The 2023 legislative cycle already delivered a ten-law reform package that modernized the stock market, issued local-currency long-dated bonds and launched a national carbon market. The Investor Pass is the next mechanism in that sequence, designed to channel the policy improvements into retail-level capital recruitment.
What to Watch Next
Three metrics will determine whether the program lives up to its pitch. The first is the actual take-up rate through the second half of 2026, measured against the 100,000-resident projection and the 60,000 Brazilians embedded in that number. Paraguay’s quiet fiscal upgrade has relied on continuity; a shortfall would raise questions about how durable the HNWI thesis is under execution.
The second is the composition of the investment channels. If the US$200,000 real-estate route dominates, the program becomes a property-market stimulus more than a capital-markets deepening tool. If the securities channel picks up meaningful volume, Paraguay’s Bolsa de Valores — small relative to peers — gets a liquidity boost that could unlock domestic corporate financing.

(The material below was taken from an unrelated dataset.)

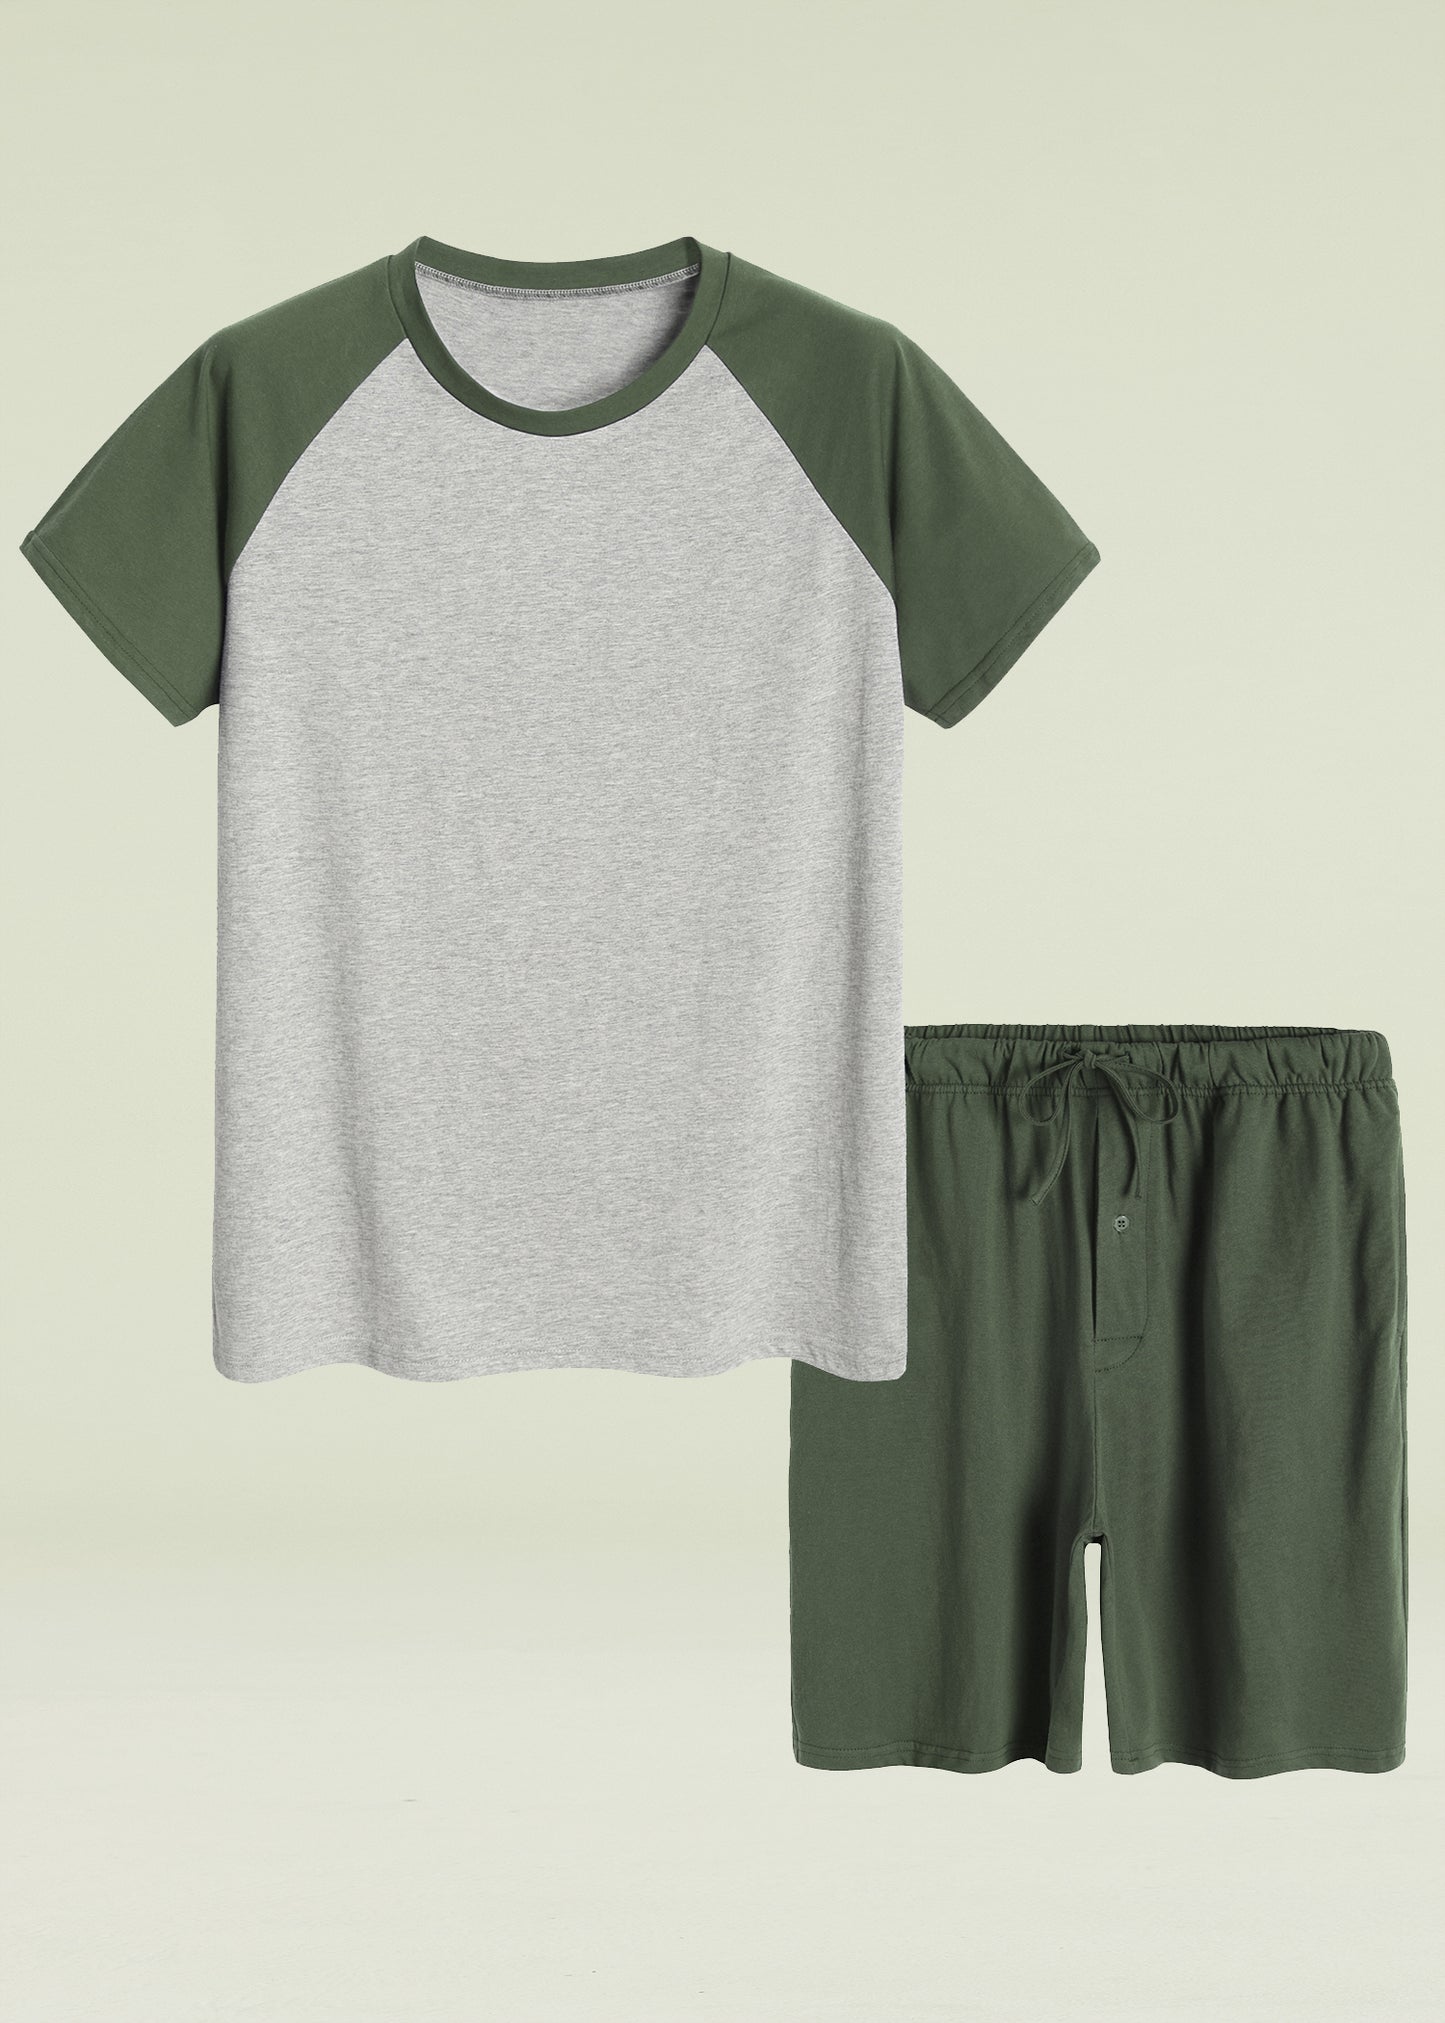 Men's Raglan Shirt and Shorts Pajamas Set with Pockets

The third is Brazil’s response. Receita Federal has historically treated Paraguayan residency-for-tax-purposes schemes with scrutiny when structured as sham relocations, and the new effective minimum income tax above R$600,000 raises the fiscal stake in each departure. A regulatory tightening from Brasília would change the cost-benefit calculation of the Paraguay Investor Pass for the exact demographic Peña is trying to recruit.